Most Efficient Conversion of Integer Value to Floating Point Value

Note this is not a question about casting.

I am curious as to the most efficient way to take an integer value and convert it to a floating point so that the whole numbers become fractional numbers.

To illustrate, I want to convert any number from 99999 to 0.99999. So if the value is 7 I want the output to be 0.7. If the value is 8412223, I want the output to be 0.8412223

Is there some "magic" bit-oriented operation that can achieve this or will it take a brute-force method (for example determine the number of digits in the value and then divide by an equivalent power of 10).

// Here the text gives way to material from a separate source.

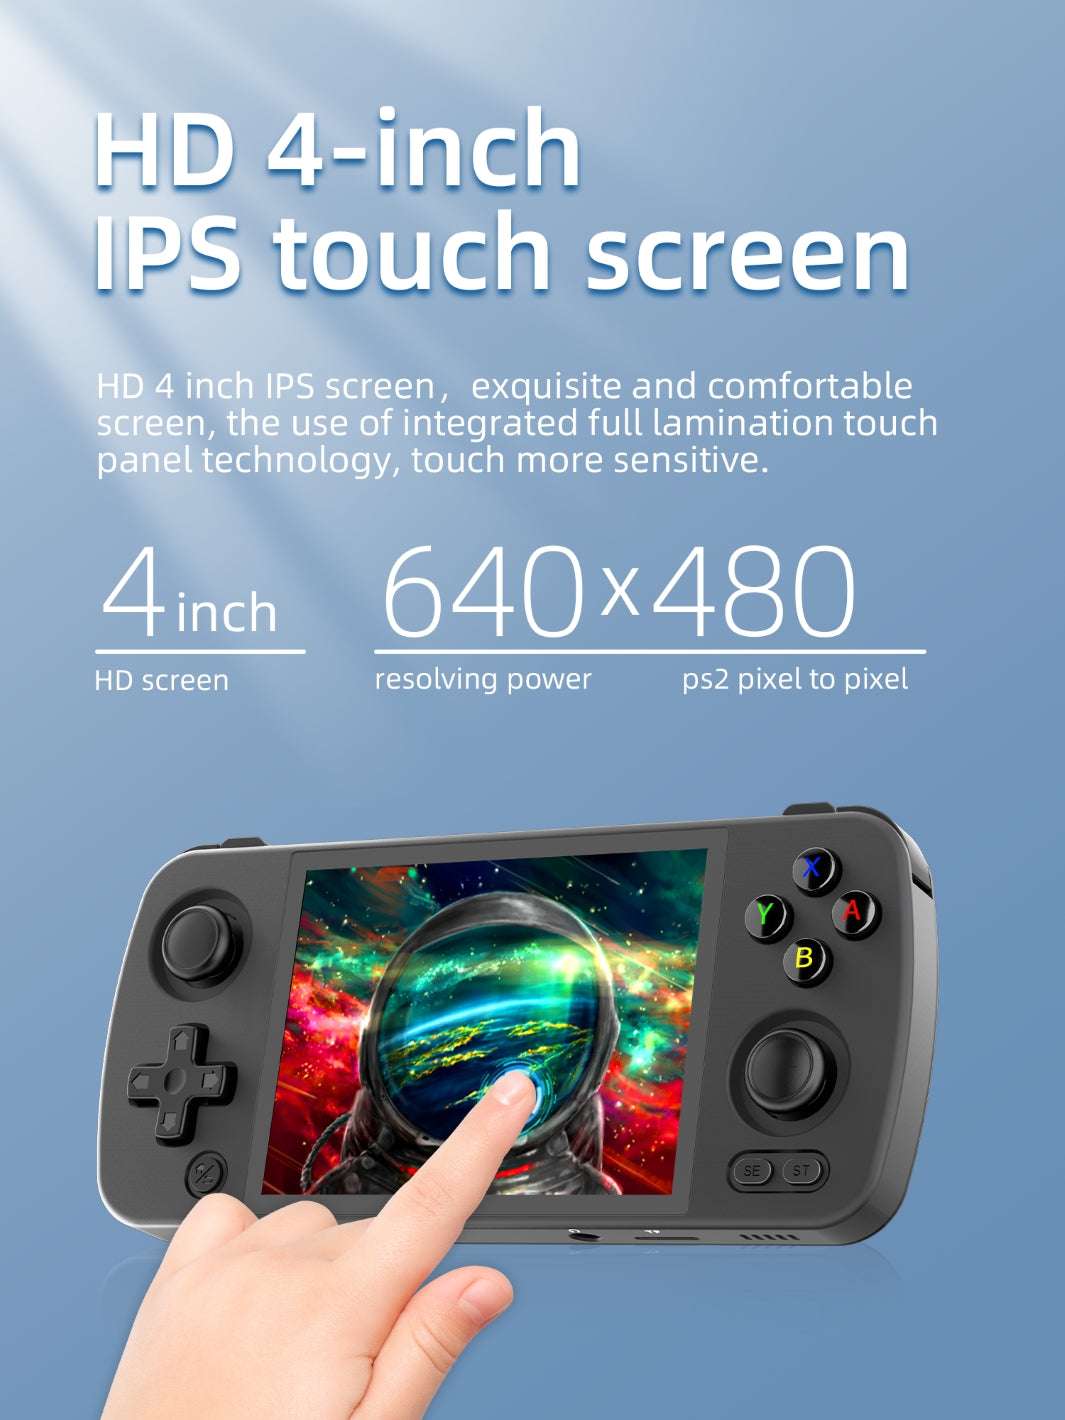 Anbernic RG405M with an amazing HD 4-inch IPS touch screen display with a 640*480 resolution.

Any insights will be greatly appreciated. Thanks

Answers

  • Answer ✓

    I doubt it's efficient, but this may serve for now: :-\"

    // forum.Processing.org/two/discussion/14169/
    // most-efficient-conversion-of-integer-value-to-floating-point-value
    
    // GoToLoop (2015-Dec-28)
    
    void setup() {
      println(becomeDecimal(99999));
      println(becomeDecimal(7));
      println(becomeDecimal(8412223));
      exit();
    }
    
    static final float becomeDecimal(int n) {
      return float("." + n);
    }
    
  • Ah, so the gist of what you are suggesting is to create a function that converts the number to a string and adds as a prefix to the string a decimal point and then converts that to a float.

    That is brilliantly simple. Thank you.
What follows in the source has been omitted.